When it doesn't work after install allennlp==0.8.3
from allennlp.modules.elmo import batch_to_ids
and appears errors like this one
TypeError: Highway.forward: return type <class 'torch.Tensor'>is not a<class 'NoneType'>.
So how to solve it, we should changed the version as this reference

pip uninstall overrides
pip install overrides==3.1.0

it's works fine to me..

Issue 6

there's an errors about several steps from this references that from file in /util/nlp_utils.py in line 225 because we have mentioned that GLOVE as our model with keyedvectors from glove to word2vec as mentioned in Issue 1

if token in GLOVE.vocab:
    token_in_glove = token
elif token.lower() in GLOVE.vocab:
      token_in_glove = token.lower()

to be

if token in GLOVE.key_to_index:
    token_in_glove = token
elif token.lower() in GLOVE.key_to_index:
      token_in_glove = token.lower()

Issue 7

I've got so many issue when I'm using the run_glue.py
For my best solution, we don't take risk about local_rank,
because of that, I can't use the CUDA for only one channel..
So I have been inactivate all the syntax that cause of problems..
and also about config, tokenizer, and model from pretrained data.

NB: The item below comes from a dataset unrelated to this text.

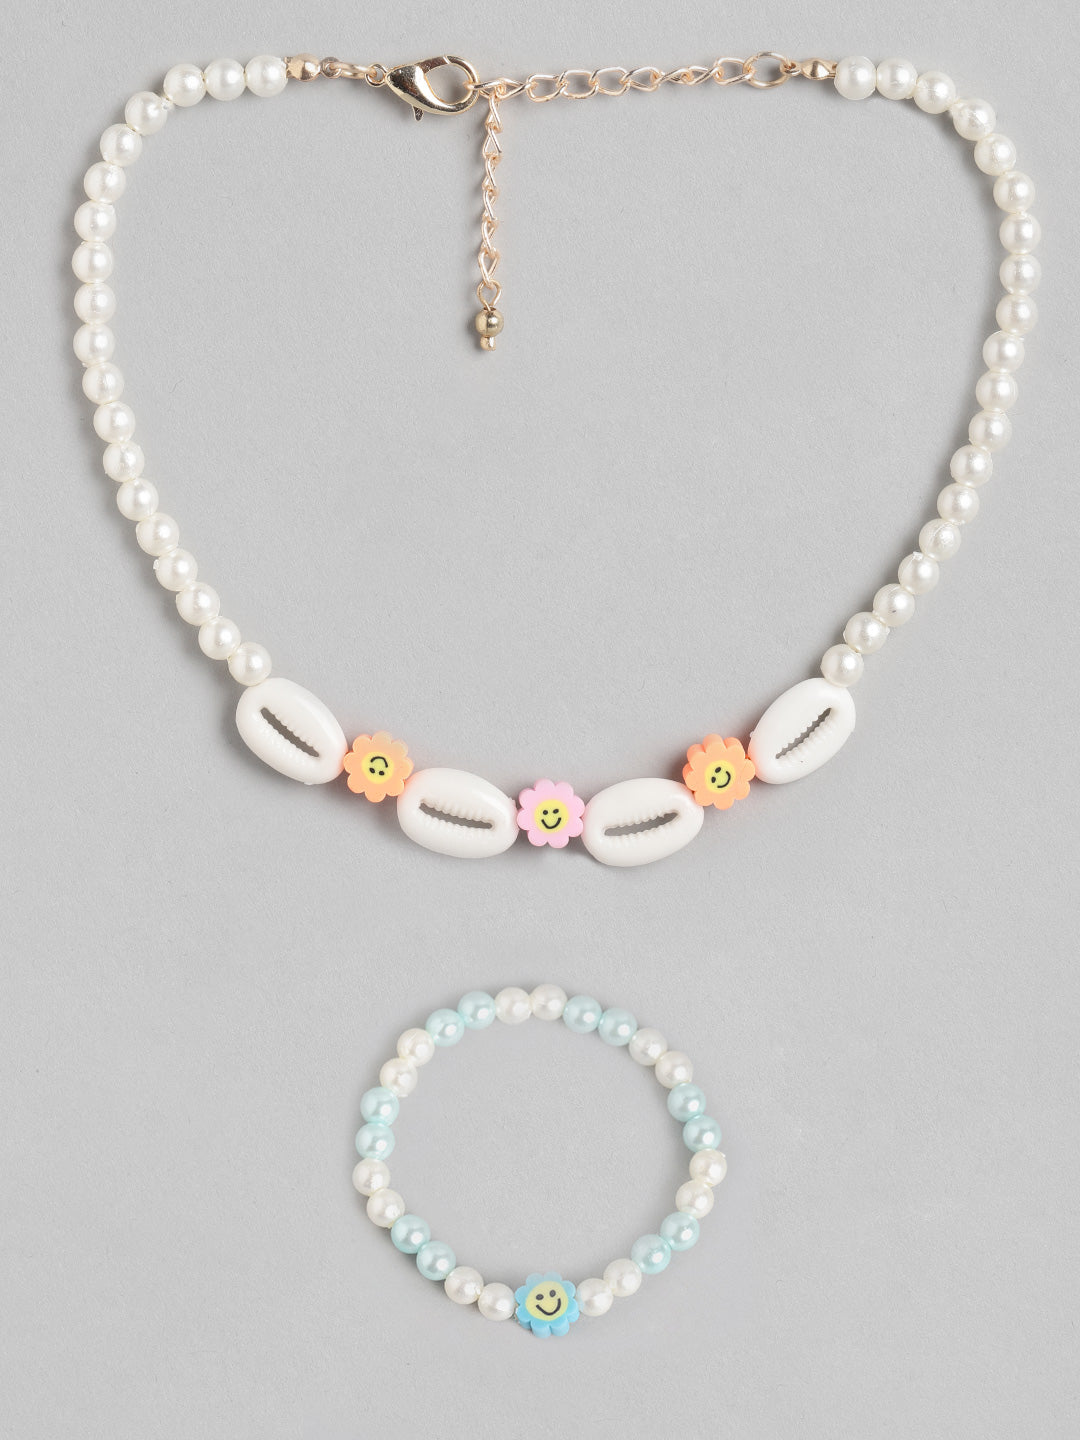 Seashell beaded necklace – Coastal Beads by Rebecca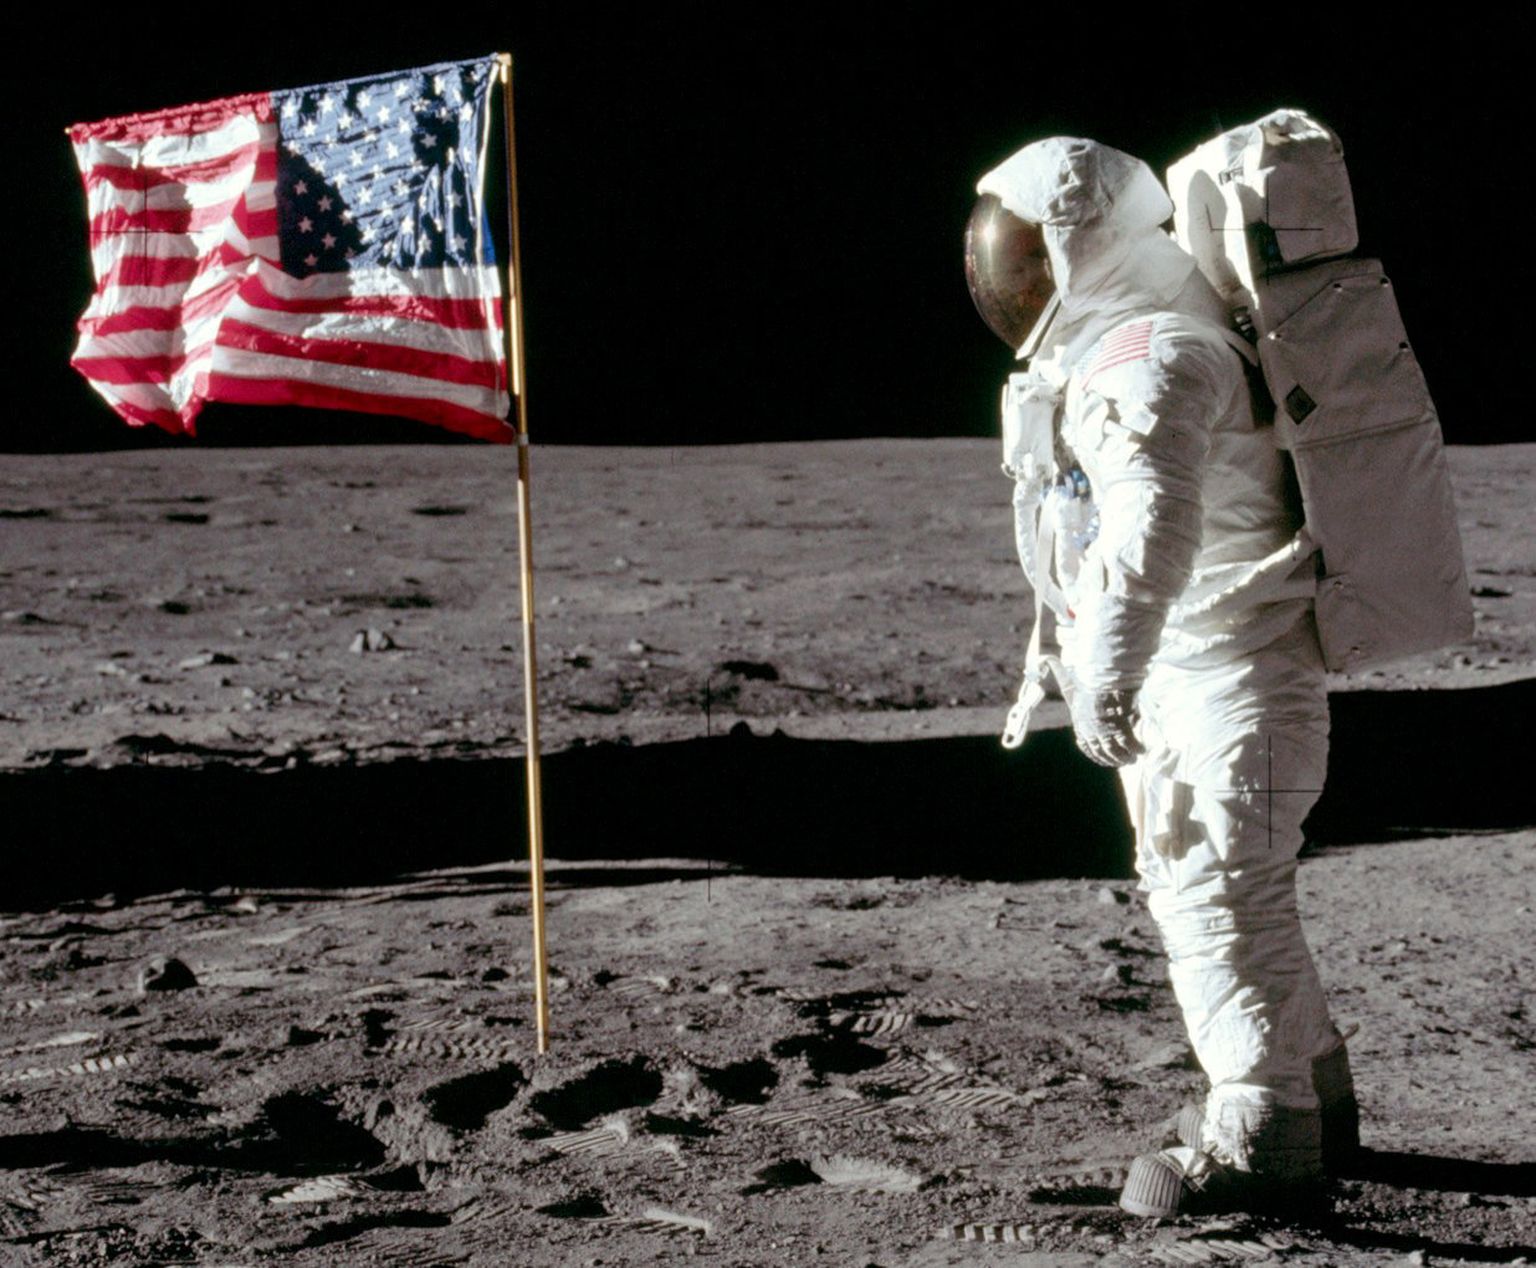 Американский астронавт Базз Олдрин после установки флага США на Луне смотрит на коллегу, первого человека на земле Нила Армстронга, который сделал это историческое фото. Луна, июль 1969 года.

I recommed you to download the pretrained data from internet, because
When we are not able to download the model from offline, This is the best solution so far..
we should consider to use proper syntax like this:

MODEL_CLASSES = {
    'bert': (BertConfig, BertForSequenceClassification, BertTokenizer, BertModel, 'bert-base-uncased'),
    'xlnet': (XLNetConfig, XLNetForSequenceClassification, XLNetTokenizer, XLNetModel, 'xlnet-base-cased'),
    'xlm': (XLMConfig, XLMForSequenceClassification, XLMTokenizer, XLMModel, 'xlm-mlm-enfr-1024'),
}
....

config_class, model_sequence_class, tokenizer_class, model_class, model_name = MODEL_CLASSES[args.model_type]
...
config = config_class.from_pretrained(model_name)
tokenizer = tokenizer_class.from_pretrained(model_name)
model = model_sequence_class(config)
or
model = model_class.from_pretrained(model_name)

but there's several error during this training this..

so we must using code like..

Example code to resolve the issue

from torch import nn
from pytorch_transformers import XLNetConfig, XLNetModel

Load the configuration

config = XLNetConfig.from_pretrained("xlnet-base-cased")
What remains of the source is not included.